Source material →
╔══
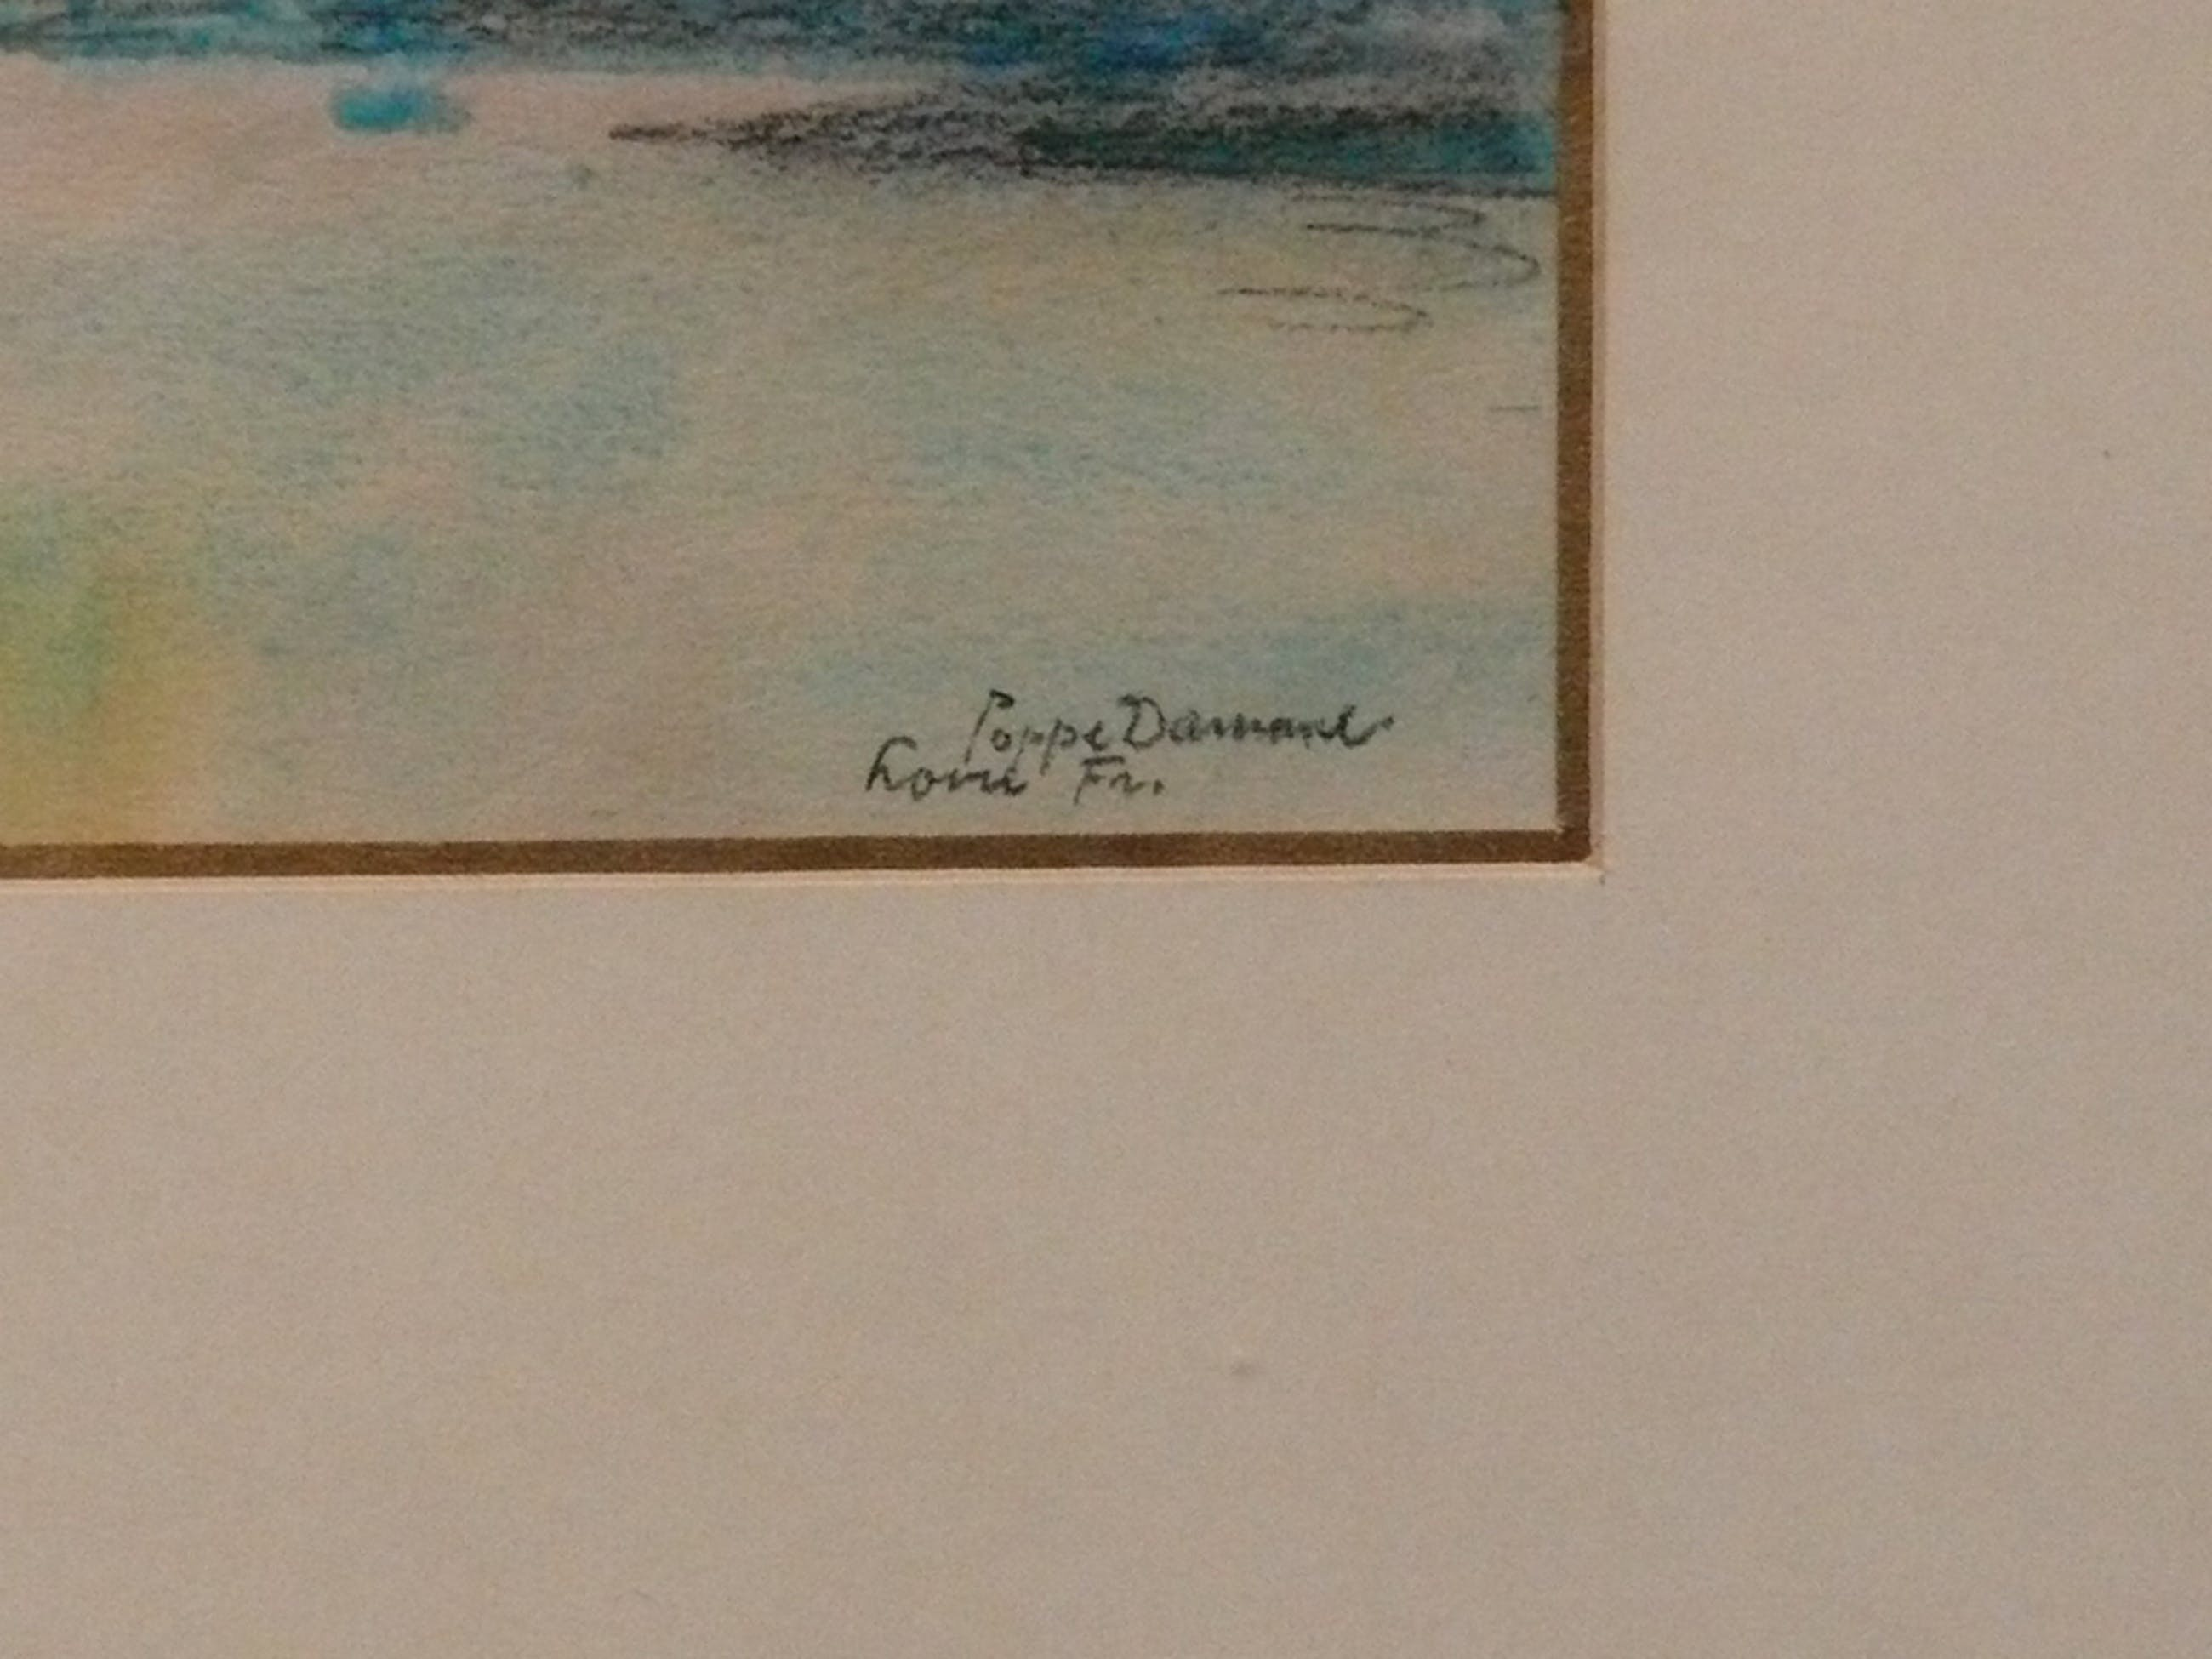 Poppe Damave (1921-1988), Tekening, Loire Frankrijk kopen? Bied vanaf 20!
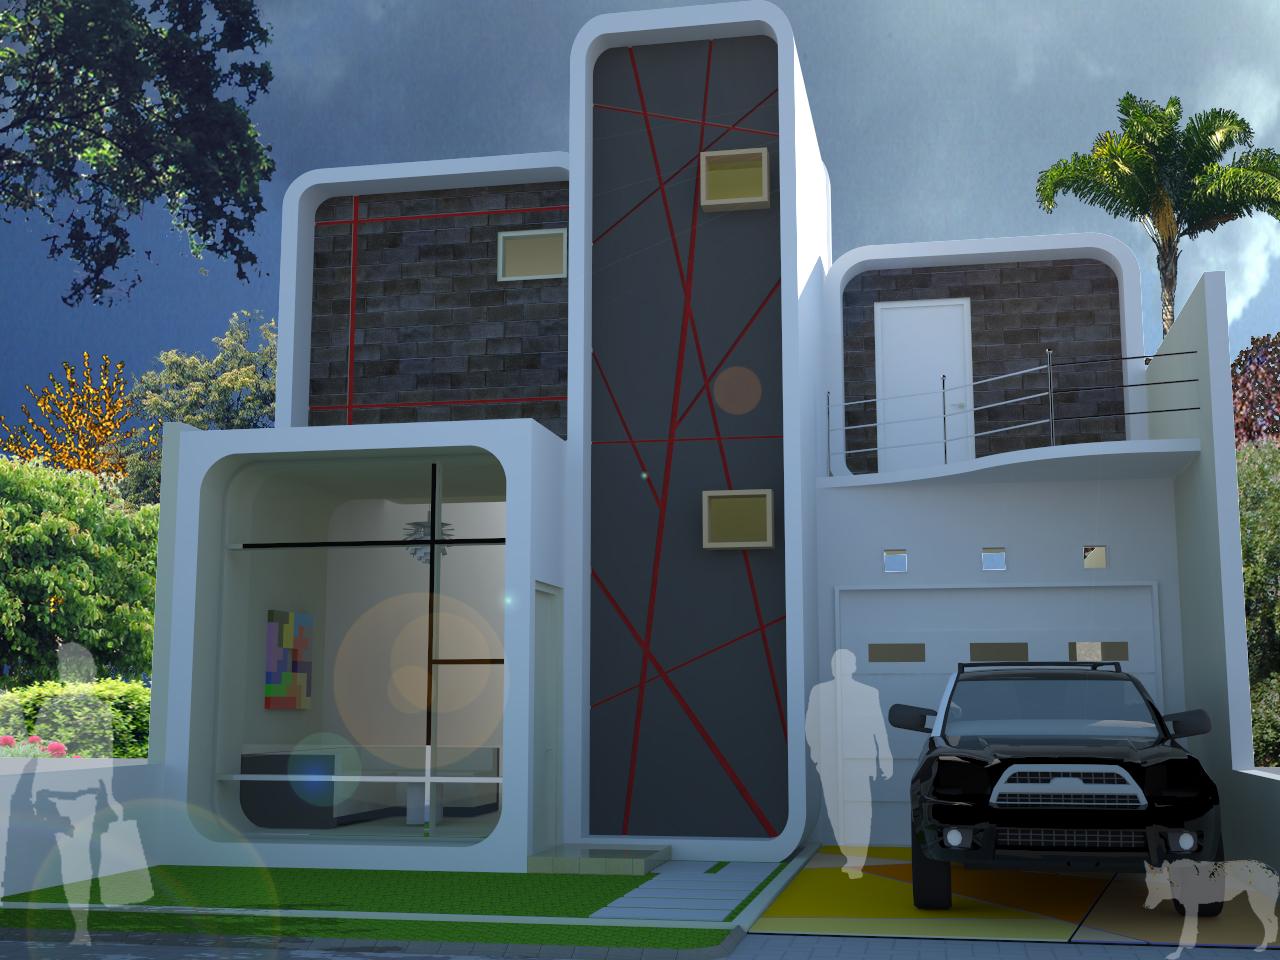 Rumah Mungil Nan Ber Estetika Part 2 4Linked Architect
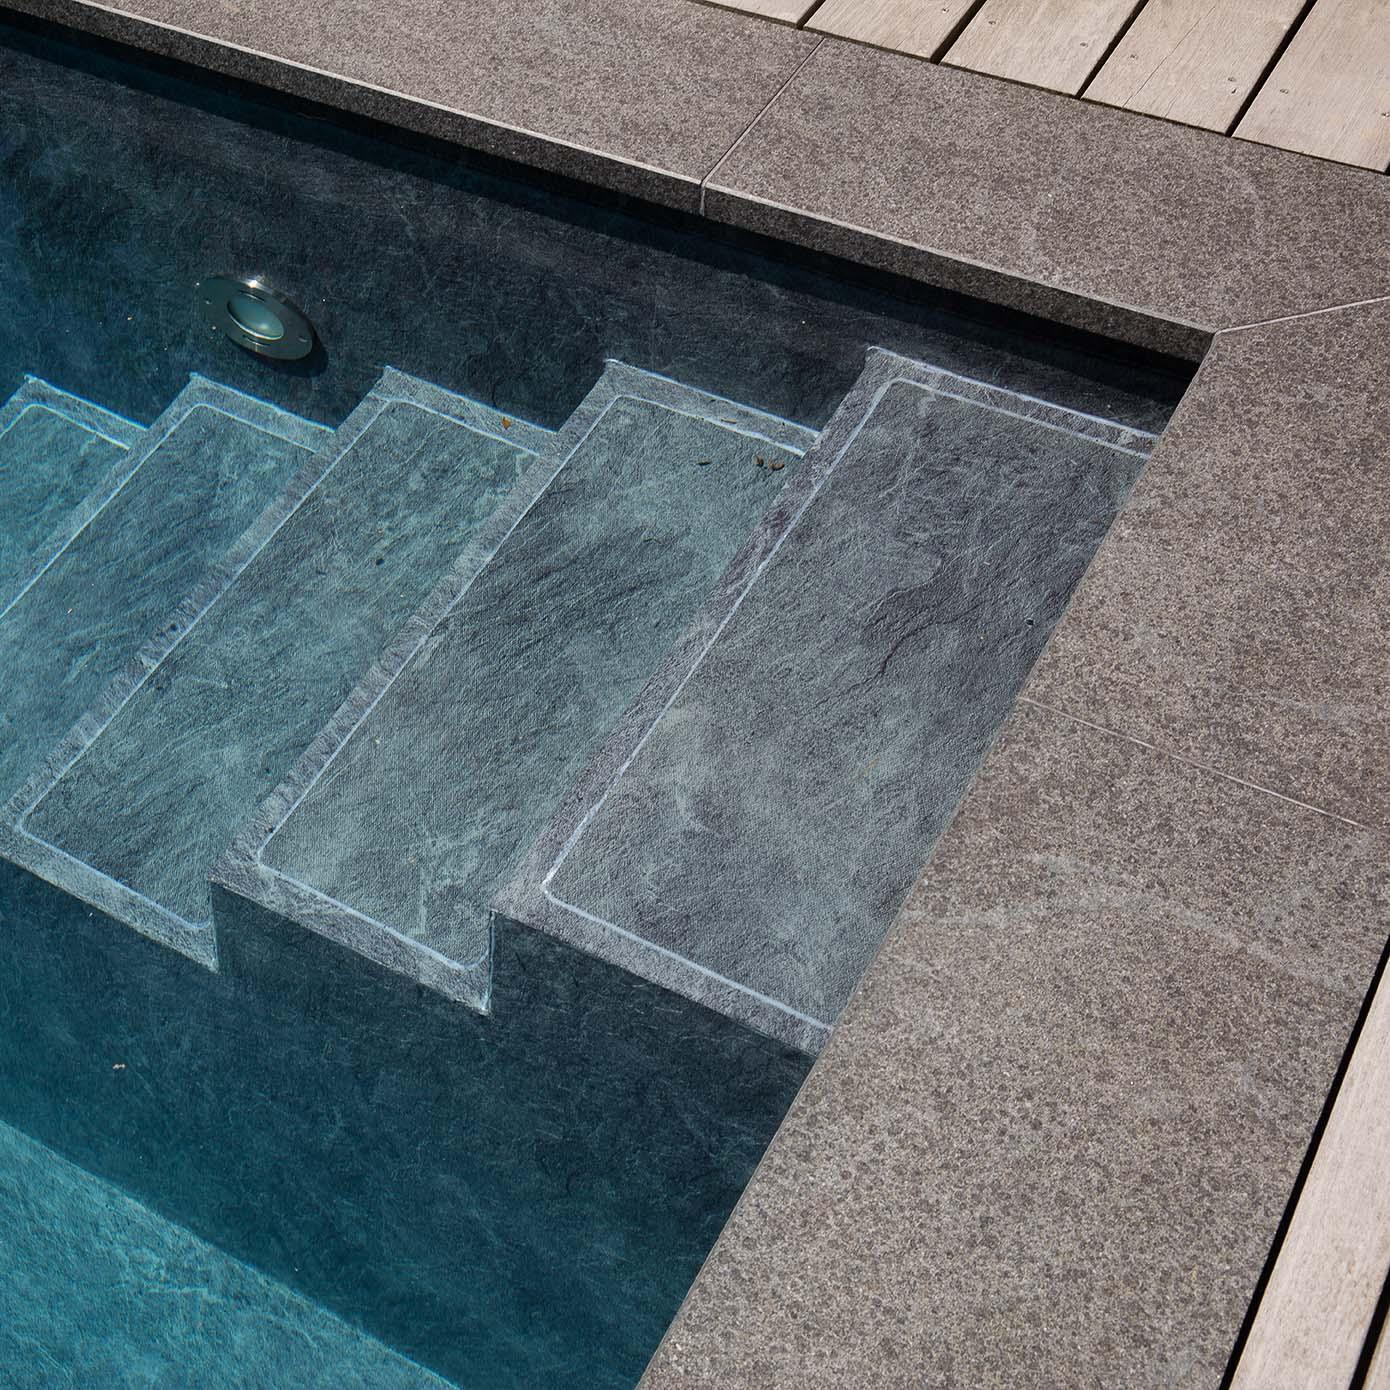 Materialkombination am Pool mit Itauba-Holz und Granit in dunklem Farbton.
╚══
Problem to solve → When you restate the listing, keep every word as it is and drop the pictures.

Finished task →
 Poppe Damave (1921-1988), Tekening, Loire Frankrijk kopen? Bied vanaf 20!
 Rumah Mungil Nan Ber Estetika Part 2 4Linked Architect
 Materialkombination am Pool mit Itauba-Holz und Granit in dunklem Farbton.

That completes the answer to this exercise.